Stored data entries
++++++++++
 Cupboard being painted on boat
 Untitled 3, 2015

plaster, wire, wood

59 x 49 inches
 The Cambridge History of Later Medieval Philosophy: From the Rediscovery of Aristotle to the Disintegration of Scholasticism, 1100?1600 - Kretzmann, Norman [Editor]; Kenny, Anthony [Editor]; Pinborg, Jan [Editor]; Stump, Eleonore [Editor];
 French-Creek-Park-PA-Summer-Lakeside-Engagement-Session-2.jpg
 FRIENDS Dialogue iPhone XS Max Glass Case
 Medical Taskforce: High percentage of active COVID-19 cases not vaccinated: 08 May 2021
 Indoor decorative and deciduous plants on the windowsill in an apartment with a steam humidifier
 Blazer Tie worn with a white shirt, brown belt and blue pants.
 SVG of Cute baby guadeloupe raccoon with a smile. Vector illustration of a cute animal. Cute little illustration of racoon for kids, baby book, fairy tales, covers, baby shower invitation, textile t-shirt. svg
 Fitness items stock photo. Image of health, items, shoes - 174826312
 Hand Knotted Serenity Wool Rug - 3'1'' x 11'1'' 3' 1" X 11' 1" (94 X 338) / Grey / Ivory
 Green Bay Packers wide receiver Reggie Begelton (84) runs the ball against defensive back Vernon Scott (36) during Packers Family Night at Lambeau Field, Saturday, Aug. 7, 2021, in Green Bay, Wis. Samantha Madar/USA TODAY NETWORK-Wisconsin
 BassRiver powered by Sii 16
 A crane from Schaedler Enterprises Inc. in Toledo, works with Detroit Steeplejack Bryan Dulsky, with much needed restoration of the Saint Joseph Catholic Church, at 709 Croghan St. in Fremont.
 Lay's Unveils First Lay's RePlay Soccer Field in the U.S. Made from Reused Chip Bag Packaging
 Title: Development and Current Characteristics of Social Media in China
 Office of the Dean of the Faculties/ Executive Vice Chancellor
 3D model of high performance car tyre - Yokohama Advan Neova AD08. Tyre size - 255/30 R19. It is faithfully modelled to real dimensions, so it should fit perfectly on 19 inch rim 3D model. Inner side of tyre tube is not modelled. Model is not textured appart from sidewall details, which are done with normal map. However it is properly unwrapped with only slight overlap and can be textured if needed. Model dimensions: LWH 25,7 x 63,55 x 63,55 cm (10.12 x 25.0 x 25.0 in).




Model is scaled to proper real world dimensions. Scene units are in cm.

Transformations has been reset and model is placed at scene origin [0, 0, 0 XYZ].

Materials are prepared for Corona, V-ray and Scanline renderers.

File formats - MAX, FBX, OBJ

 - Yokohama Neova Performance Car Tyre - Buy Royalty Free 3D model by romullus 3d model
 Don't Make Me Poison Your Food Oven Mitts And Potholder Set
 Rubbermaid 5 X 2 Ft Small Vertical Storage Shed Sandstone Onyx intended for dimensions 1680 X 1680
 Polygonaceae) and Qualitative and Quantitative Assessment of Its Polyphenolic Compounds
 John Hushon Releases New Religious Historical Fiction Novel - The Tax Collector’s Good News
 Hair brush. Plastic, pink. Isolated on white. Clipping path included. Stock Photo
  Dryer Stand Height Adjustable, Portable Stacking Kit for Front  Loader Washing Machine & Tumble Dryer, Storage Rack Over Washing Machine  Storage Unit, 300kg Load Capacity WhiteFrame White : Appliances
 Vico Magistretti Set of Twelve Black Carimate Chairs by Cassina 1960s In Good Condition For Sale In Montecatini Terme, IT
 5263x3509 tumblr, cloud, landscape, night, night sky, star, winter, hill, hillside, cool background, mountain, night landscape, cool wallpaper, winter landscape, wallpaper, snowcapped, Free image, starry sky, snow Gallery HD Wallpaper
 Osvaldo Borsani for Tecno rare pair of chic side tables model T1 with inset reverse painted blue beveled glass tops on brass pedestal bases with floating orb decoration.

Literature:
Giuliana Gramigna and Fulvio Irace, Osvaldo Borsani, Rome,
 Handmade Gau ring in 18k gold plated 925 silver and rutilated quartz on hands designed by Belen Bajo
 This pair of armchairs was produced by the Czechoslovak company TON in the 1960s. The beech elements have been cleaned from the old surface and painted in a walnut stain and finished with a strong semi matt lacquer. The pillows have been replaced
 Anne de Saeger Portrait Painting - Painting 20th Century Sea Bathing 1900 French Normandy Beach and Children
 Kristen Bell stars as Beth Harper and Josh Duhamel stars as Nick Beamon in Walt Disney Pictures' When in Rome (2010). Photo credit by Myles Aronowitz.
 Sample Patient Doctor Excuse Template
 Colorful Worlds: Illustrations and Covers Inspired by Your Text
++++++++++
#### [TASK TO COMPLETE]
Set all the entries above down again exactly.

#### [YOUR SOLUTION]
 Cupboard being painted on boat
 Untitled 3, 2015

plaster, wire, wood

59 x 49 inches
 The Cambridge History of Later Medieval Philosophy: From the Rediscovery of Aristotle to the Disintegration of Scholasticism, 1100?1600 - Kretzmann, Norman [Editor]; Kenny, Anthony [Editor]; Pinborg, Jan [Editor]; Stump, Eleonore [Editor];
 French-Creek-Park-PA-Summer-Lakeside-Engagement-Session-2.jpg
 FRIENDS Dialogue iPhone XS Max Glass Case
 Medical Taskforce: High percentage of active COVID-19 cases not vaccinated: 08 May 2021
 Indoor decorative and deciduous plants on the windowsill in an apartment with a steam humidifier
 Blazer Tie worn with a white shirt, brown belt and blue pants.
 SVG of Cute baby guadeloupe raccoon with a smile. Vector illustration of a cute animal. Cute little illustration of racoon for kids, baby book, fairy tales, covers, baby shower invitation, textile t-shirt. svg
 Fitness items stock photo. Image of health, items, shoes - 174826312
 Hand Knotted Serenity Wool Rug - 3'1'' x 11'1'' 3' 1" X 11' 1" (94 X 338) / Grey / Ivory
 Green Bay Packers wide receiver Reggie Begelton (84) runs the ball against defensive back Vernon Scott (36) during Packers Family Night at Lambeau Field, Saturday, Aug. 7, 2021, in Green Bay, Wis. Samantha Madar/USA TODAY NETWORK-Wisconsin
 BassRiver powered by Sii 16
 A crane from Schaedler Enterprises Inc. in Toledo, works with Detroit Steeplejack Bryan Dulsky, with much needed restoration of the Saint Joseph Catholic Church, at 709 Croghan St. in Fremont.
 Lay's Unveils First Lay's RePlay Soccer Field in the U.S. Made from Reused Chip Bag Packaging
 Title: Development and Current Characteristics of Social Media in China
 Office of the Dean of the Faculties/ Executive Vice Chancellor
 3D model of high performance car tyre - Yokohama Advan Neova AD08. Tyre size - 255/30 R19. It is faithfully modelled to real dimensions, so it should fit perfectly on 19 inch rim 3D model. Inner side of tyre tube is not modelled. Model is not textured appart from sidewall details, which are done with normal map. However it is properly unwrapped with only slight overlap and can be textured if needed. Model dimensions: LWH 25,7 x 63,55 x 63,55 cm (10.12 x 25.0 x 25.0 in).




Model is scaled to proper real world dimensions. Scene units are in cm.

Transformations has been reset and model is placed at scene origin [0, 0, 0 XYZ].

Materials are prepared for Corona, V-ray and Scanline renderers.

File formats - MAX, FBX, OBJ

 - Yokohama Neova Performance Car Tyre - Buy Royalty Free 3D model by romullus 3d model
 Don't Make Me Poison Your Food Oven Mitts And Potholder Set
 Rubbermaid 5 X 2 Ft Small Vertical Storage Shed Sandstone Onyx intended for dimensions 1680 X 1680
 Polygonaceae) and Qualitative and Quantitative Assessment of Its Polyphenolic Compounds
 John Hushon Releases New Religious Historical Fiction Novel - The Tax Collector’s Good News
 Hair brush. Plastic, pink. Isolated on white. Clipping path included. Stock Photo
  Dryer Stand Height Adjustable, Portable Stacking Kit for Front  Loader Washing Machine & Tumble Dryer, Storage Rack Over Washing Machine  Storage Unit, 300kg Load Capacity WhiteFrame White : Appliances
 Vico Magistretti Set of Twelve Black Carimate Chairs by Cassina 1960s In Good Condition For Sale In Montecatini Terme, IT
 5263x3509 tumblr, cloud, landscape, night, night sky, star, winter, hill, hillside, cool background, mountain, night landscape, cool wallpaper, winter landscape, wallpaper, snowcapped, Free image, starry sky, snow Gallery HD Wallpaper
 Osvaldo Borsani for Tecno rare pair of chic side tables model T1 with inset reverse painted blue beveled glass tops on brass pedestal bases with floating orb decoration.

Literature:
Giuliana Gramigna and Fulvio Irace, Osvaldo Borsani, Rome,
 Handmade Gau ring in 18k gold plated 925 silver and rutilated quartz on hands designed by Belen Bajo
 This pair of armchairs was produced by the Czechoslovak company TON in the 1960s. The beech elements have been cleaned from the old surface and painted in a walnut stain and finished with a strong semi matt lacquer. The pillows have been replaced
 Anne de Saeger Portrait Painting - Painting 20th Century Sea Bathing 1900 French Normandy Beach and Children
 Kristen Bell stars as Beth Harper and Josh Duhamel stars as Nick Beamon in Walt Disney Pictures' When in Rome (2010). Photo credit by Myles Aronowitz.
 Sample Patient Doctor Excuse Template
 Colorful Worlds: Illustrations and Covers Inspired by Your Text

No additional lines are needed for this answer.